I ended up making it to the second tree before feeling faint. Getting dizzy standing hundreds of feet up in the tree, I clung onto the lightweight rope railing that barricaded the edge of the rickety platform. My heart started racing out of control.
"Dad, I'm getting sick."
“Do you need water?”
I just looked straight up at the tops of the trees. I watched the wind blow the branches. Each tree rocking back and forth keeping rhythm. I listened to the rustling of the dried out leaves. I wanted the pain to go away. I longed the feel the breeze. That's when everything went black again. My eyes were wide open. I knew they were. But all I could see was darkness.

"Dad, I can't see anything!" panicked, I tried reaching out my hands to him. Feeling around the air trying to grab onto anything that was there I dropped down to the floor of the platform. After a minute or two, I could see again. I sat there for a few minutes trying to calm down.

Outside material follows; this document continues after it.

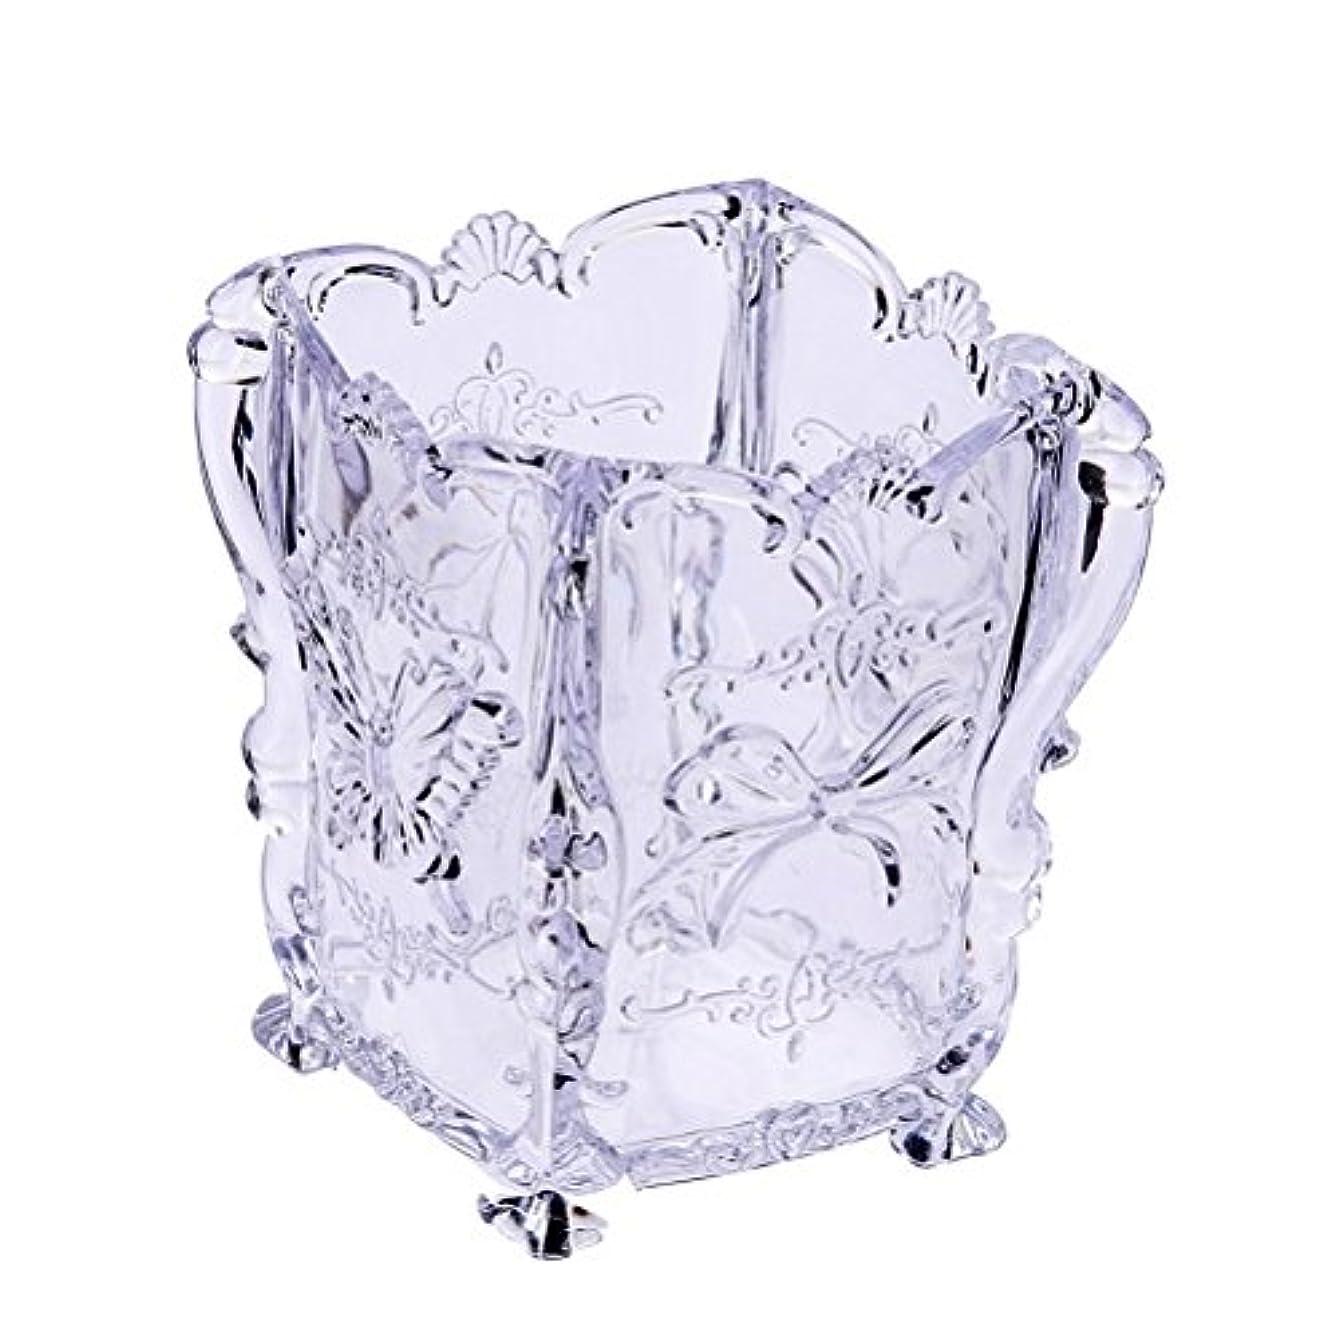 ニュース結婚したフェッチファッション新しいデザインアクリルメイク化粧品収納ボックスケースブラシホルダーペン主催装飾4色-ゆとり

"We need to get her off of here" said my dad.

The guide hooked up my harness to his, and we transcended down the cables. Once we reached the ground, we hiked back to the top of the hill my mom was waiting for us on. Walking up the flight of stairs to get to the top of the hill, my legs had felt as if they were going to buckle underneath me. My head pounded with every step. After about half an hour the group came back, and we left.


Until we went home, I was miserable. I couldn’t do anything. The pain was unbearable. I didn’t sleep for days because laying down was so painful. I could only swim at night or early In the morning before the sun got too strong. I could barely move.

Within a couple of months my shoulders were healed. The scars as well as the hundreds of freckles on my upper back are still there to remind me of the pain I endured. Because of what happened In Costa Rica, I am now more susceptible to developing skin cancer than I ever would have been. Every time I'm outside, I monitor the new moles on my shoulders for fear of developing skin cancer. I can’t afford to forget to put on sunscreen while I’m outside, because now my skin is so much more sensitive to the sun. Just a little too much sun exposure could mean the worst for me.